Reagan also pointed out in that speech that once you begin a great movement, there is no telling where it will end. In the last year, we have begun a new movement in New Jersey. A movement back to our roots. Back to economic dynamism and growth. Back to pride in our State. We cannot say today where it will lead and all that will come of it. But we know that the path of change is better than the path of stagnation that we were on.

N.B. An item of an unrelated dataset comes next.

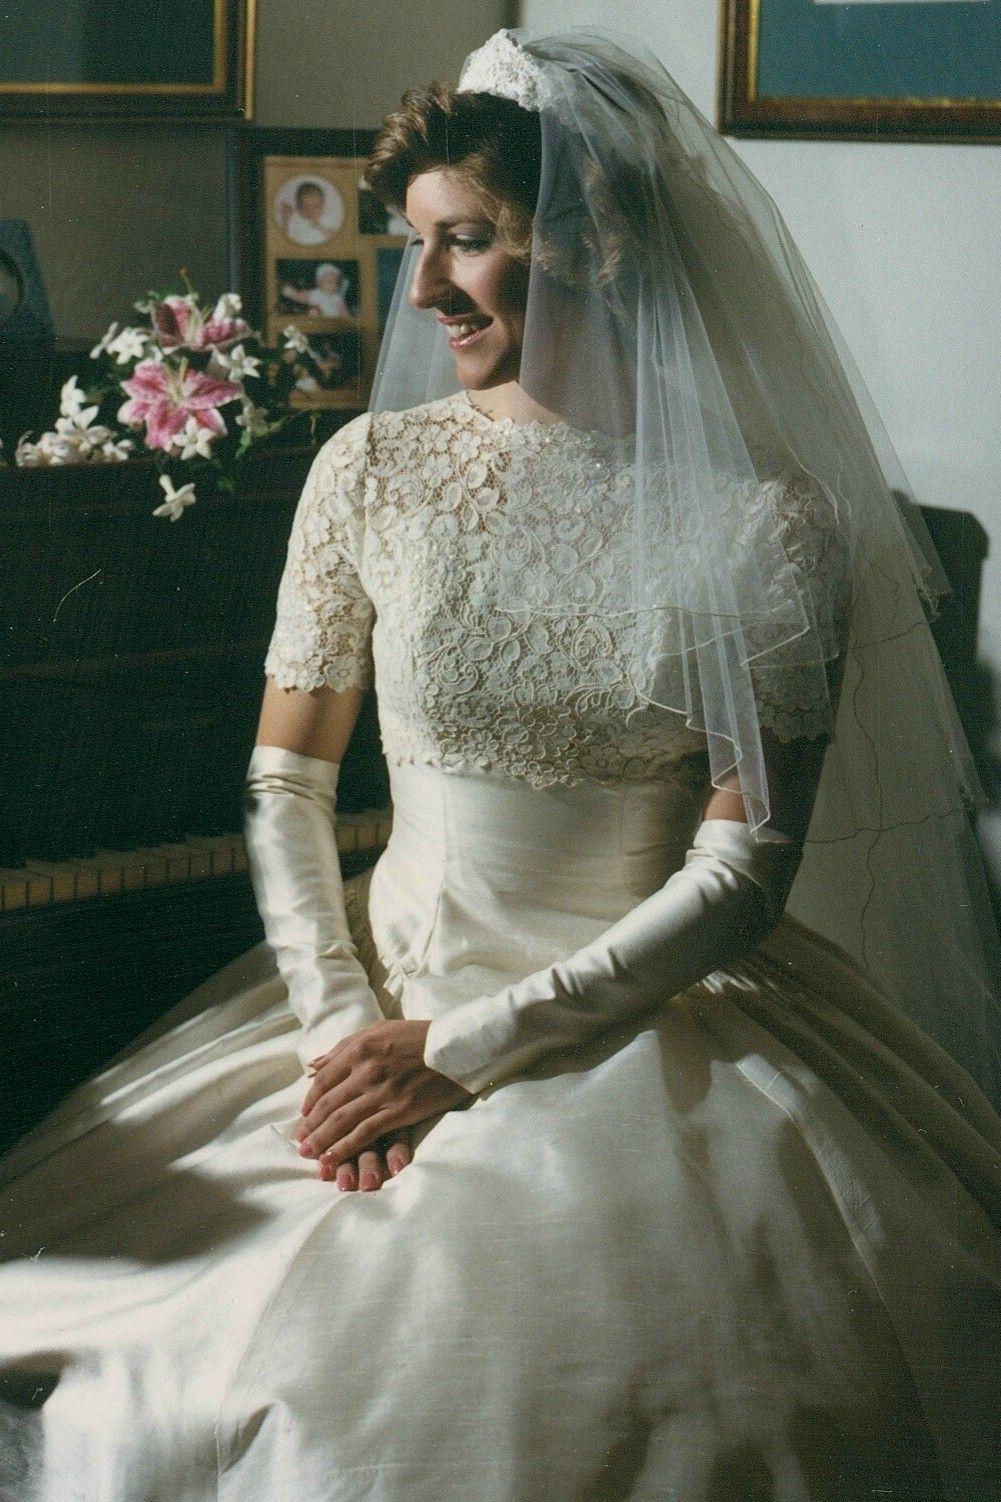 1955 Vintage Priscilla Of Boston Wedding Dress | Buy U0026 Sell Wedding Dresses,  Used Wedding

I was determined when I took the oath of this office to give the people an honest assessment of our problems. To tell them the truth, even if it was difficult and my proposed solutions were unpopular. And to this day, I ask that I be measured by that standard— I will always do what I said I was going to do. I may not offer the easiest course, but I will be direct in saying which course I believe to be the best. Our Nation, and our State, face major challenges ahead. But those of us entrusted to serve the public have the chance to stand up and fight for what really needs to be done at this critical time. So today, we cannot turn back. We owe it to the people of New Jersey to press on; to fight hard when it really matters; and to work every day to create real hope for a brighter future. For just as president Reagan spoke of America as a “shining city on a hill,” I believe New Jersey can once again be a beacon— a national leader in everything from economic growth to education, and a wonderful place to prosper, run a business, and raise a family. And my commitment to you today is to fight alongside each and every one of you to make it so.

Thank you, God bless New Jersey, and God bless the United States of America.